Setelah mendapatkan barang-barang kami, El menjepit tanganku di antara pinggang dan lengannya. Ia tidak bisa menggandengku karena harus mendorong troli yang berisi barang bawaan kami. Dan aku menggamit lengannya dengan kuat karena rasa gugup yang tak kunjung hilang. Terlebih ketika El berkata bahwa kakaknyalah yang akan menjemput kami.
"Kakakku orangnya ramah, Ra. Kamu akan menyukainya," ujar El menenangkan. Mungkin ia sadar jika mukaku tampak sangat tegang.
"Aku berusaha untuk tenang," sahutku kaku.
Selama menunggu, aku tidak bisa berhenti memikirkan kemungkinan-kemungkinan buruk yang akan terjadi di rumah orangtua El nanti. Aku saja tidak tahu mereka orang yang seperti apa. Bertanya pada El sama sekali tidak membantu. Ia terus-terusan meyakinkanku bahwa mereka akan menyukaiku. Sisanya, aku harus berimprovisasi dengan baik. Sayangnya, aku tidak mampu mengarang hal lainnya selain perkenalan diri.
"Apa kita akan bertemu Daria?" Pertanyaan itu meluncur dari bibirku ketika aku tak sengaja menangkap sosok seorang wanita yang perawakannya persis seperti Daria di tempat tunggu yang lain. Kendati mirip, tetapi aku yakin wanita itu bukan dia.
"Karena dia nggak ngomong apa-apa soal hubungan kami yang udah berakhir, kemungkinan besar dia bakal datang."
"Aku ingat," ujarku hampir berteriak.
"Apa?"
"Daria pernah minta tanda tanganku buat cuti."
El dan aku sama-sama terdiam.

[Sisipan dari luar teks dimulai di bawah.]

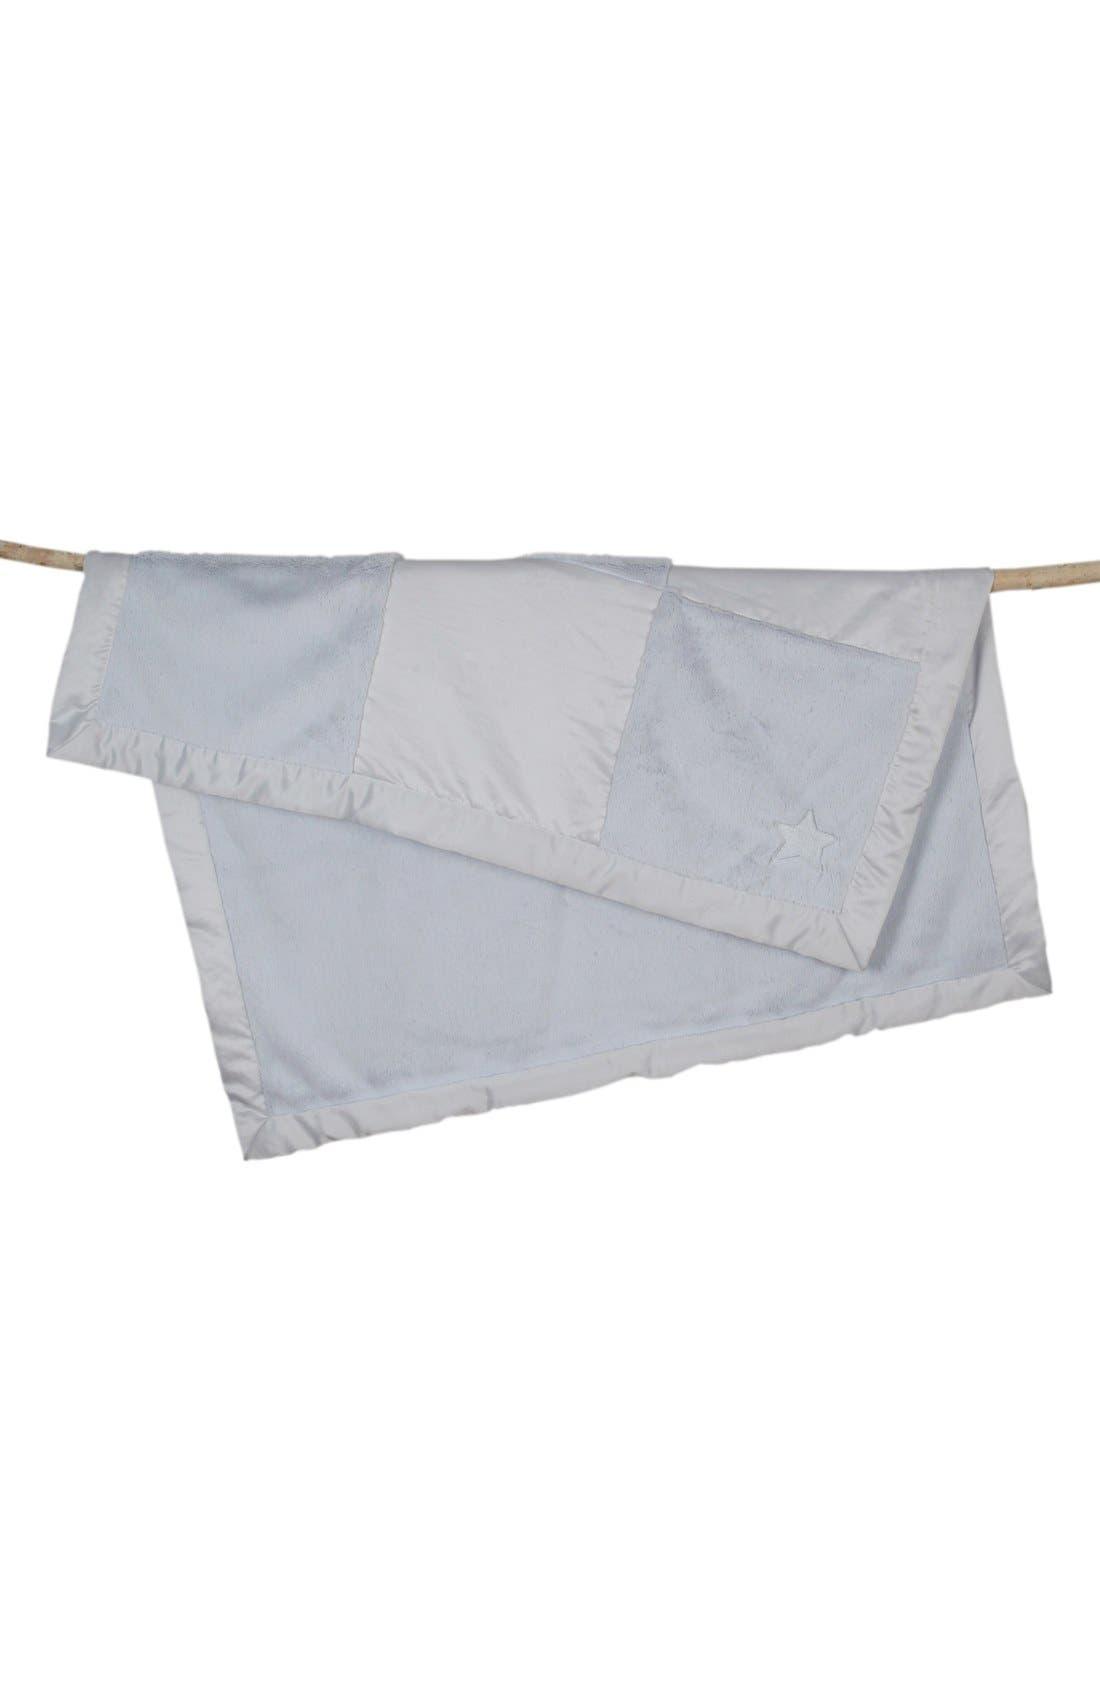 BAREFOOT DREAMS® 'Cuddle' Patchwork Receiving Blanket

Kami saling pandang, seolah-olah berkomunikasi satu sama lain melalui tatapan. Tangannya yang berada di gagang troli lantas merambat naik ke punggungku dan mengusapnya lembut.
"Nggak akan ada yang terjadi di antara kami. Kamu nggak perlu khawatir, Ra. Aku nggak bakal jauh-jauh dari kamu."
Aku mengangguk sebagai respons. Kendati rasa gugup, khawatir, dan ketakutan ini belum benar-benar pergi, tetapi pelukan El berhasil menenangkanku meski hanya sedikit. Terlebih ketika El berjanji tidak akan jauh-jauh dariku selama di sana.
"Kita akan menghadapinya bersama, Ra."